Ninja became the lead singer for The Go! Team after the founder, Ian Parton, created the first The Go! Team studio album. With Ninja, the live band became a "separate entity" to the original studio vision, as their performances became radically different from their recordings, particularly due to Ninja's freestyled vocals contrary to the sampled vocals present on the album. Parton acknowledged that Ninja had become the "face of the band" in an interview with Erik Leijon in September 2007.

==Non-Go!
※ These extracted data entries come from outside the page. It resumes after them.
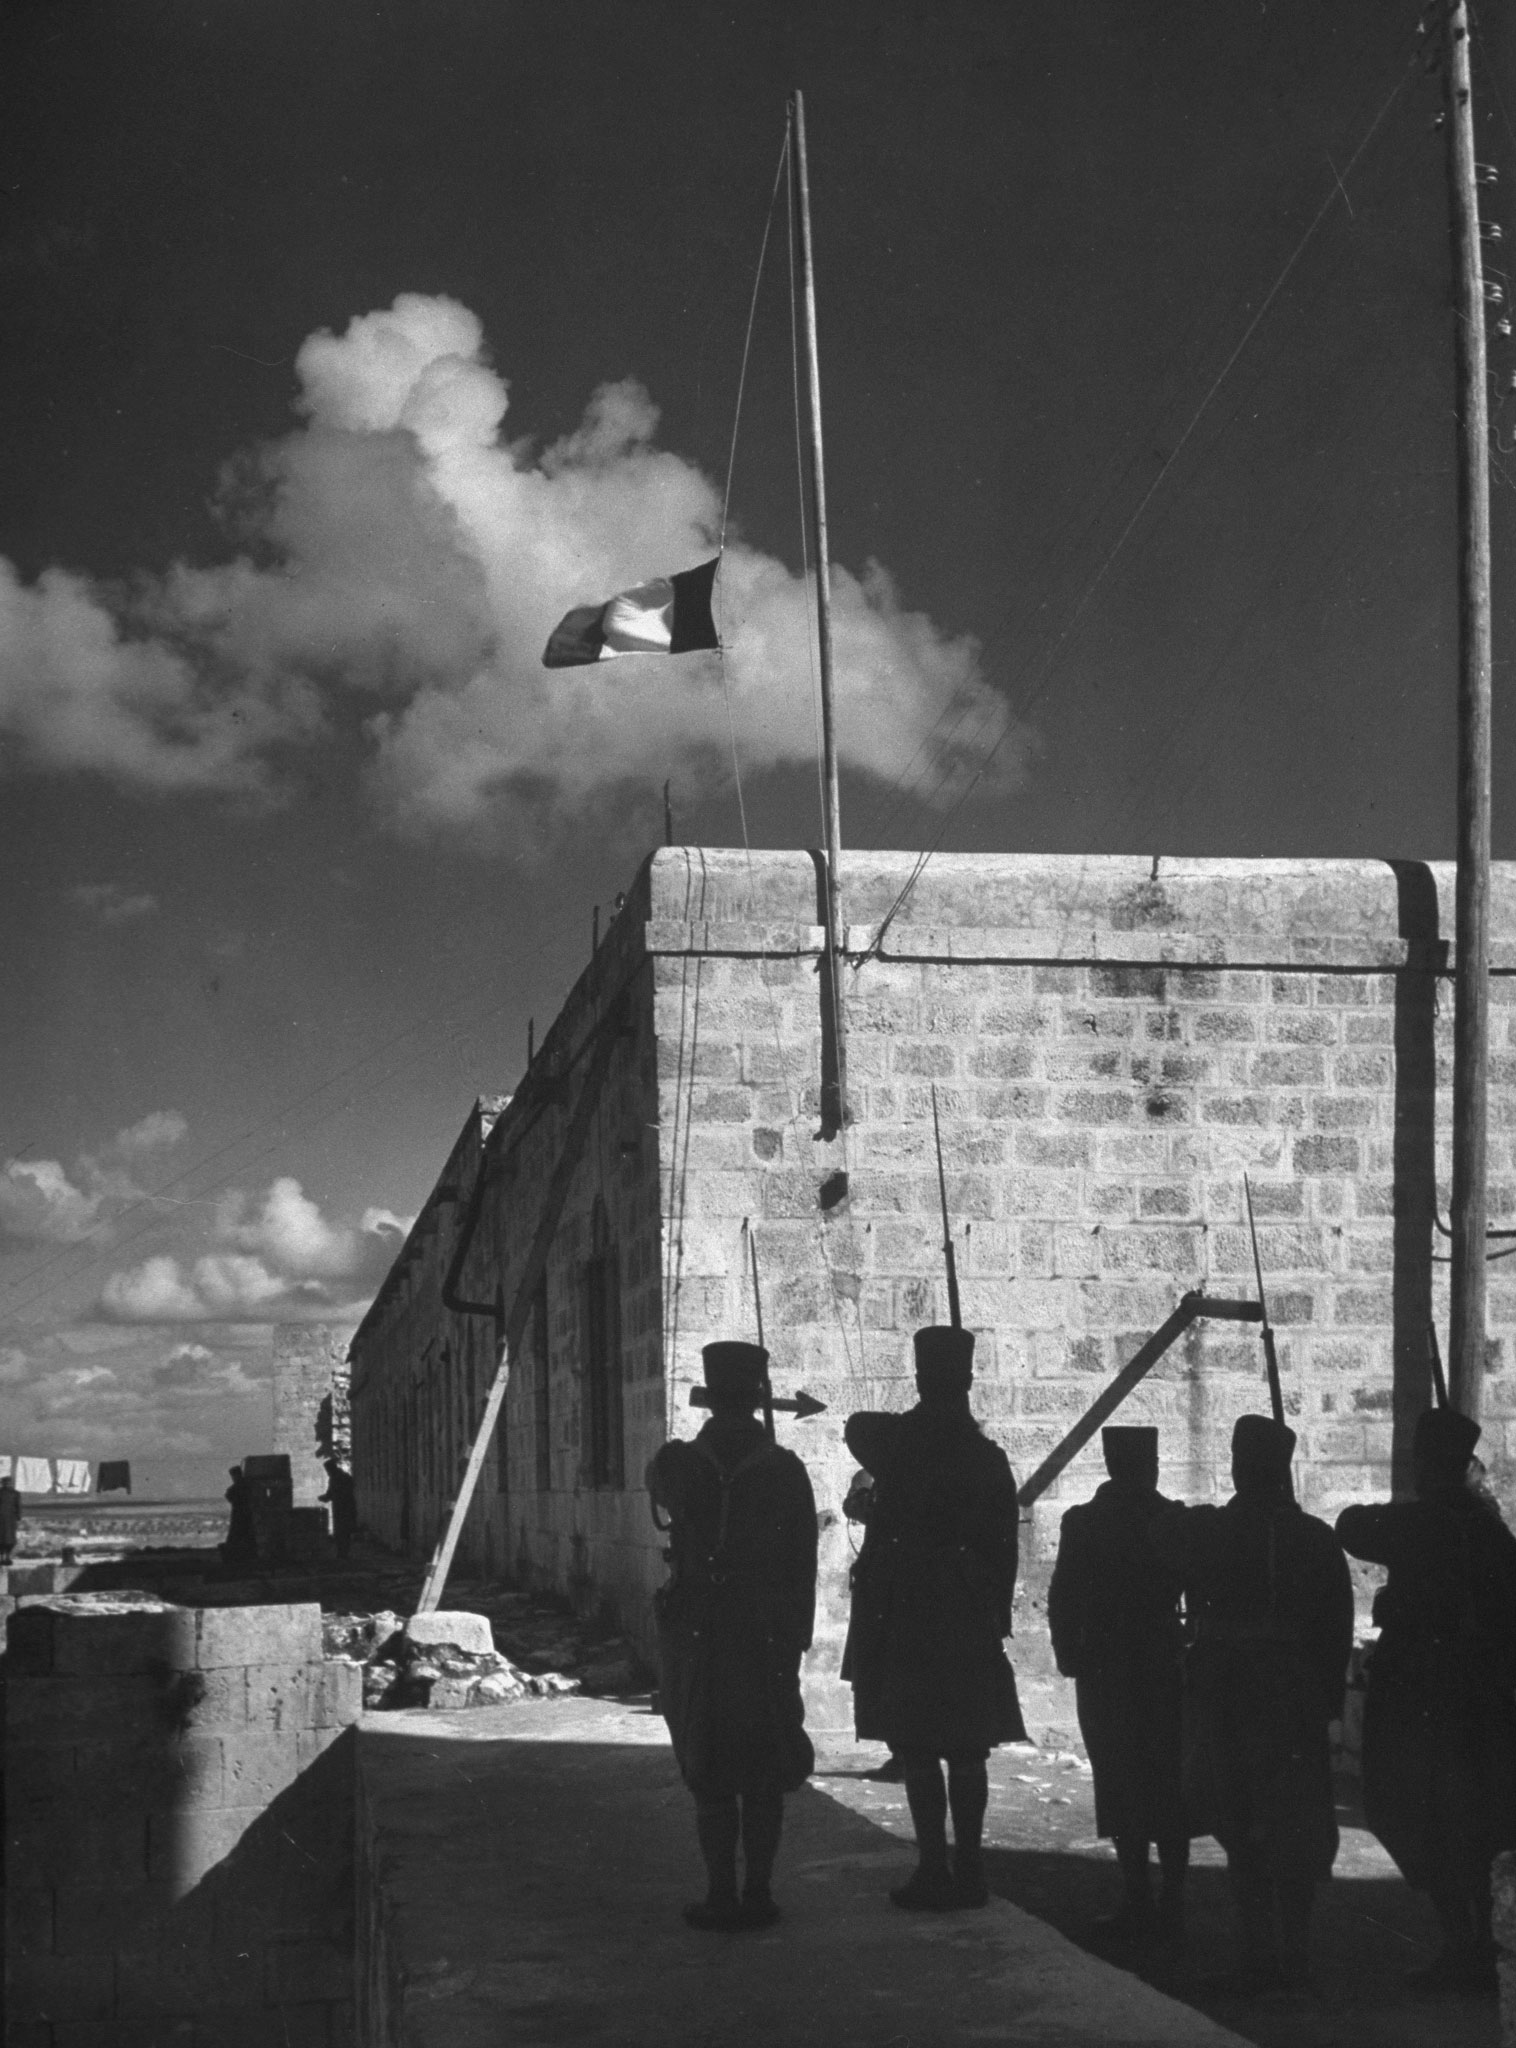 Raising the French flag at Aleppo, Syria, 1940.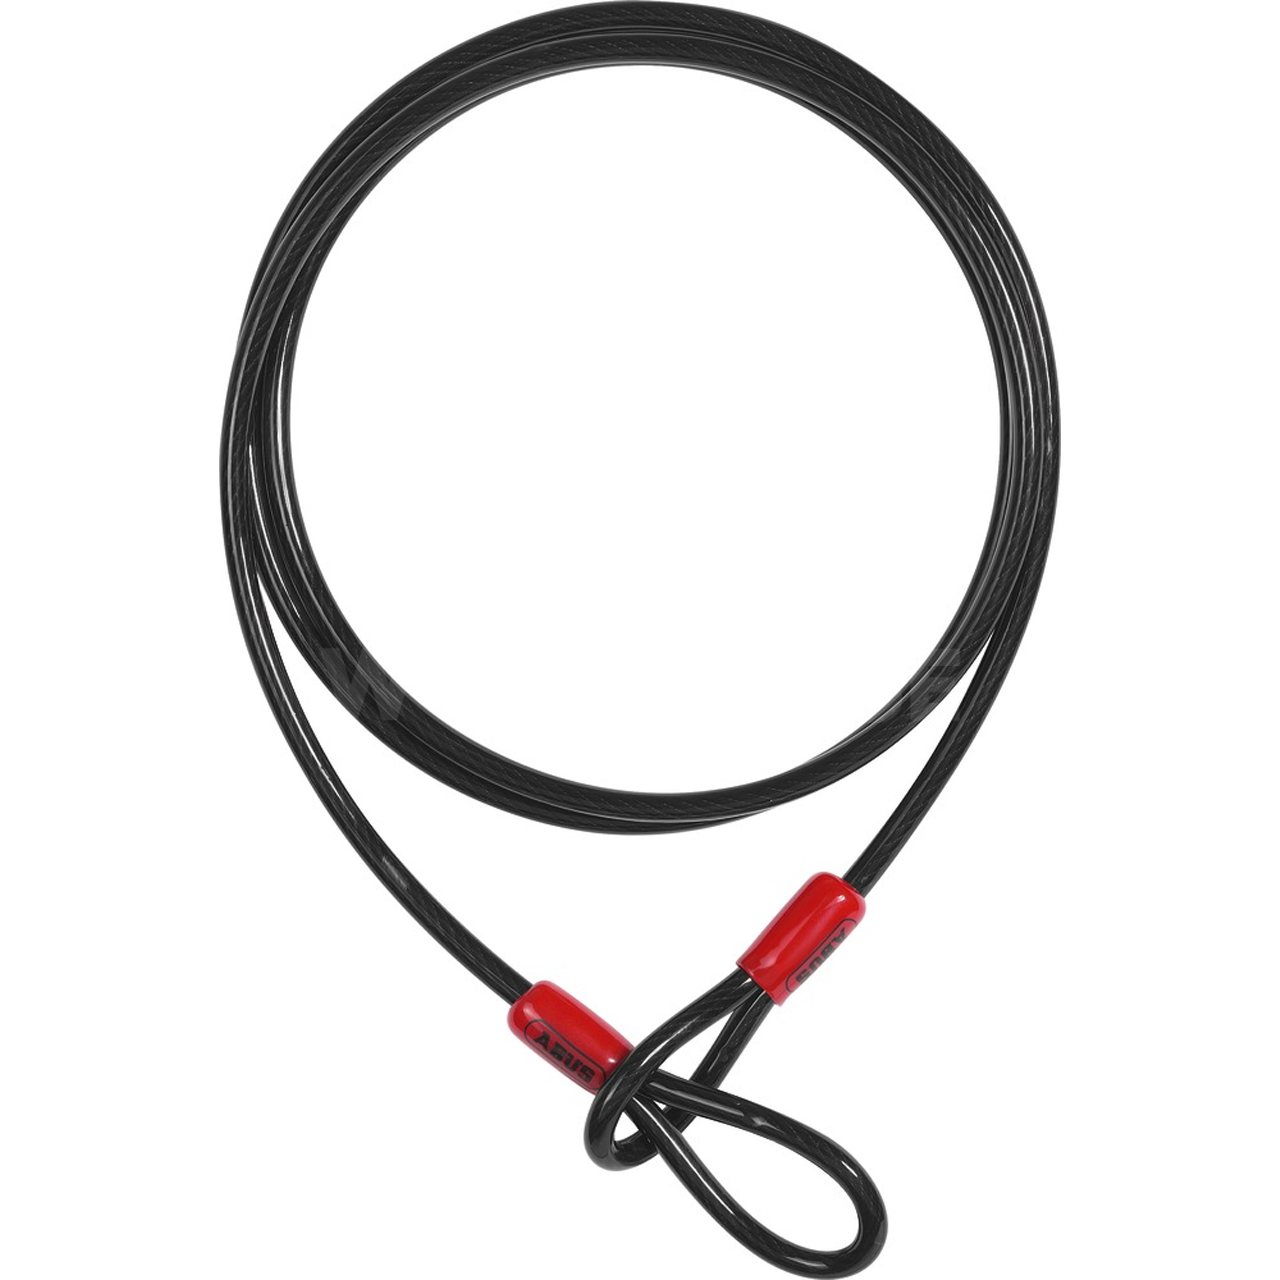 ABUS Cobra Cable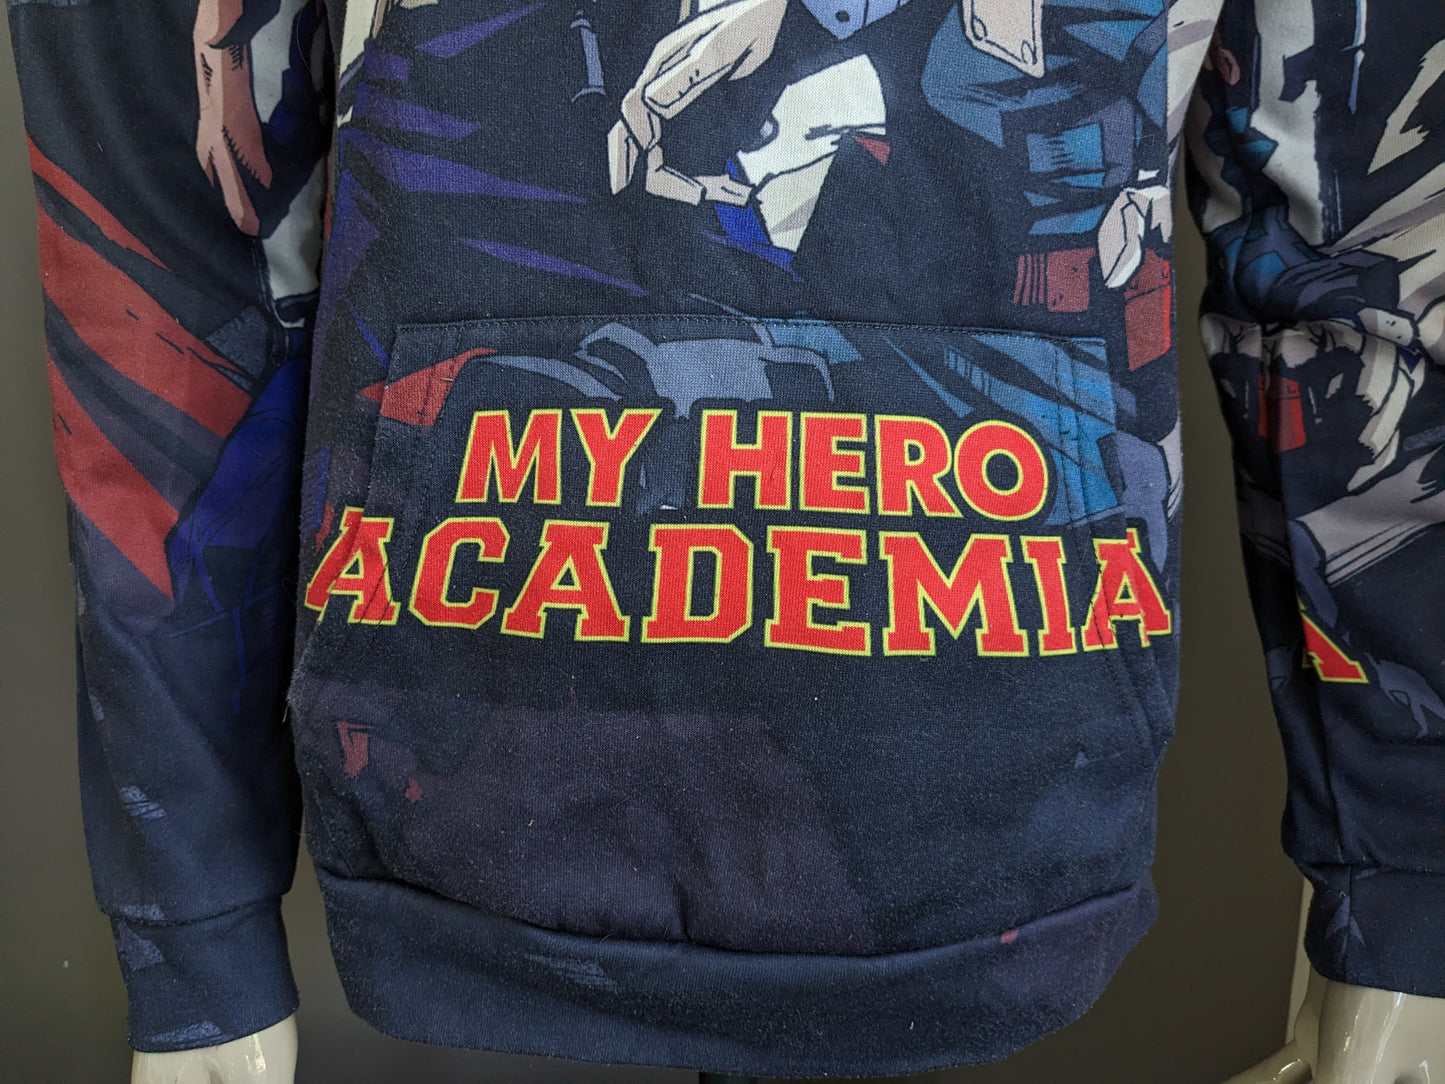 My Hero Academia Hoodie. Stampa colorata. Taglia L.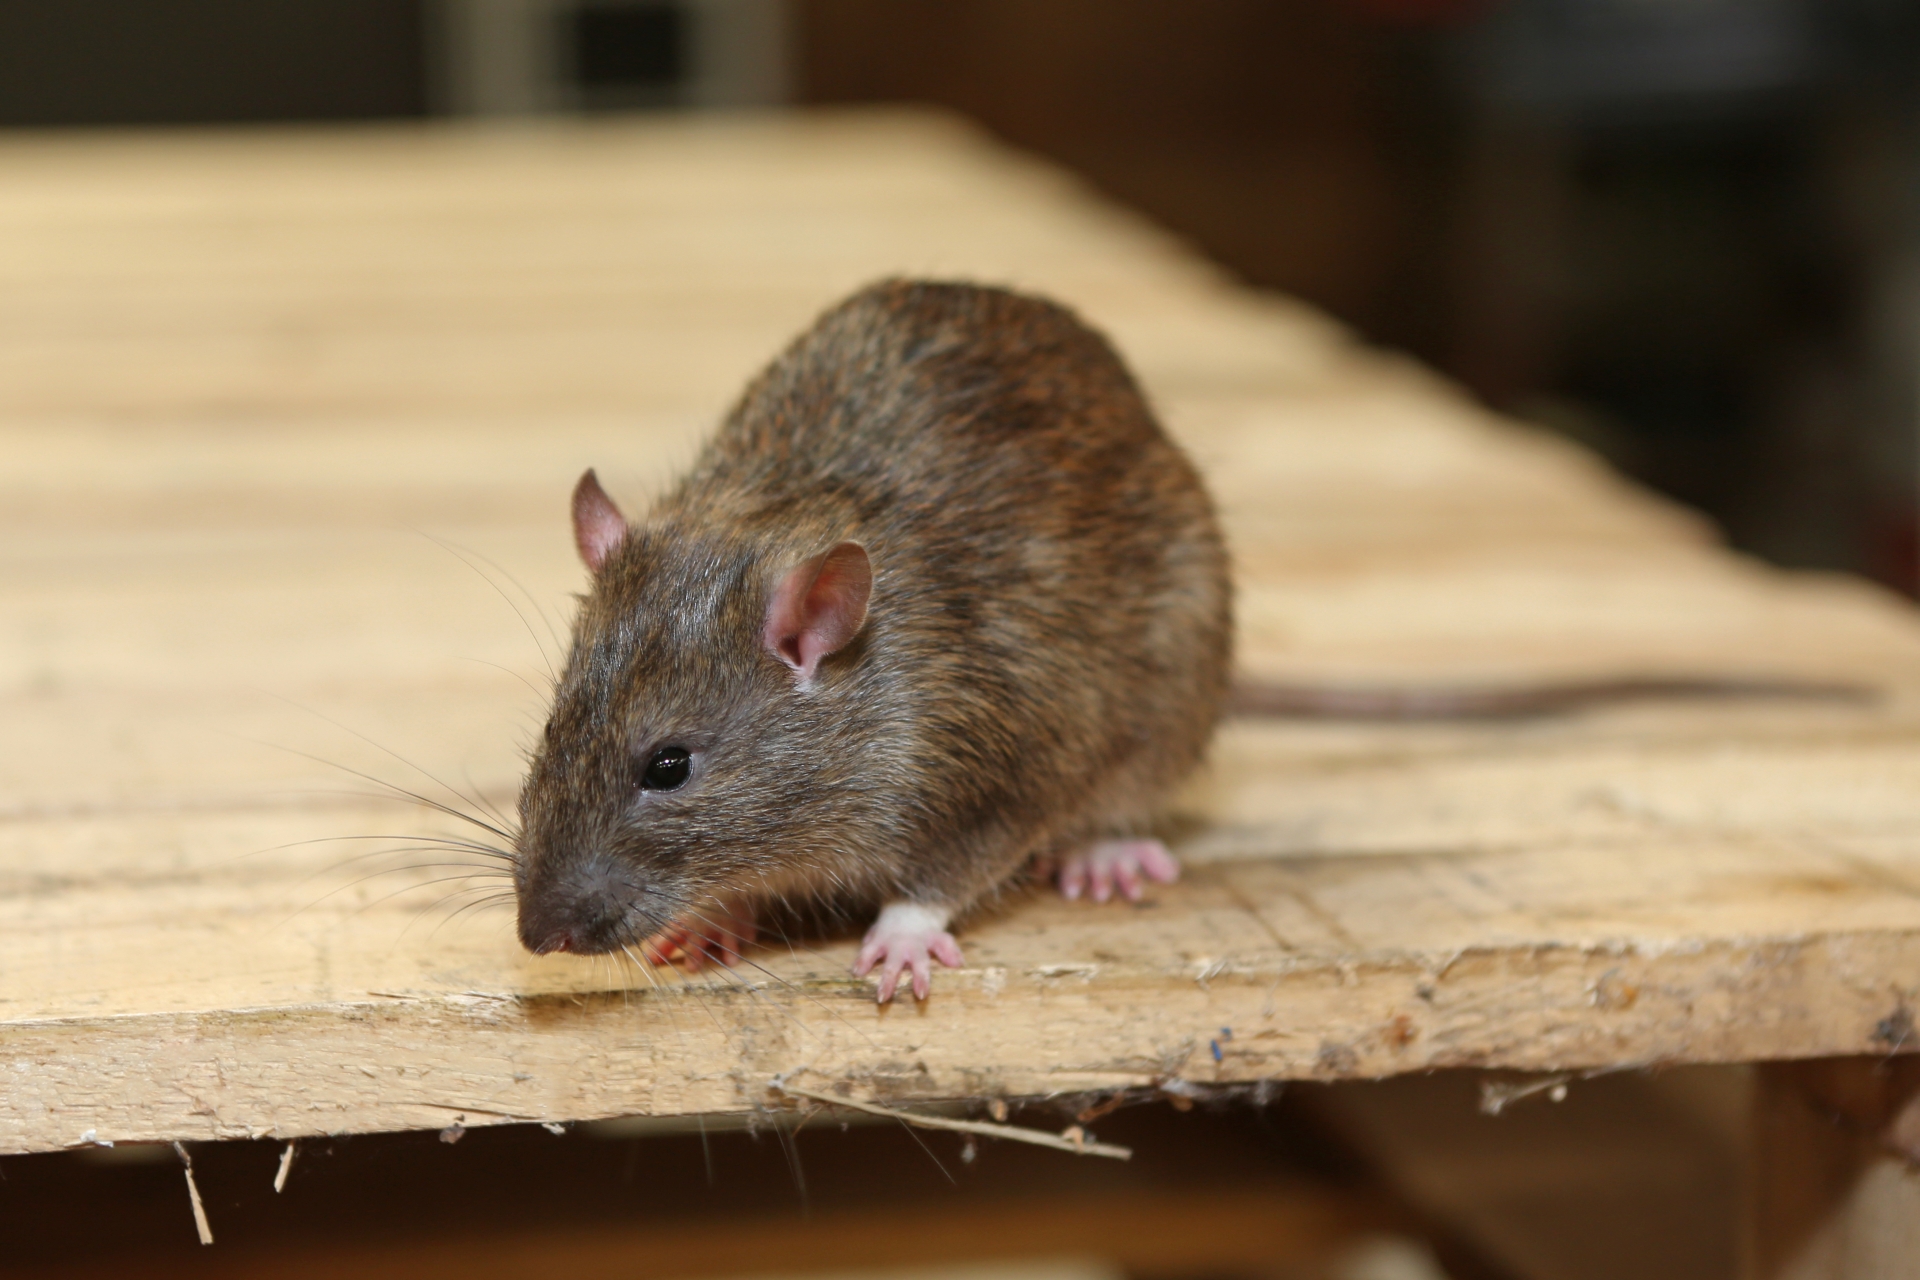 Rat extermination, Pest Control in Clapton, E5. Call Now 020 8166 9746

Team work==
Ninja co-wrote and performed on Simian Mobile Disco tracks "Its The Beat" and "Hot Dog" on SMD's debut album Attack Decay Sustain Release.

Ninja co-wrote and performed on the track "Time Machine" by French band Rinocerose.

She co-wrote and performed on the Cut Chemist track "The Audience is Listening".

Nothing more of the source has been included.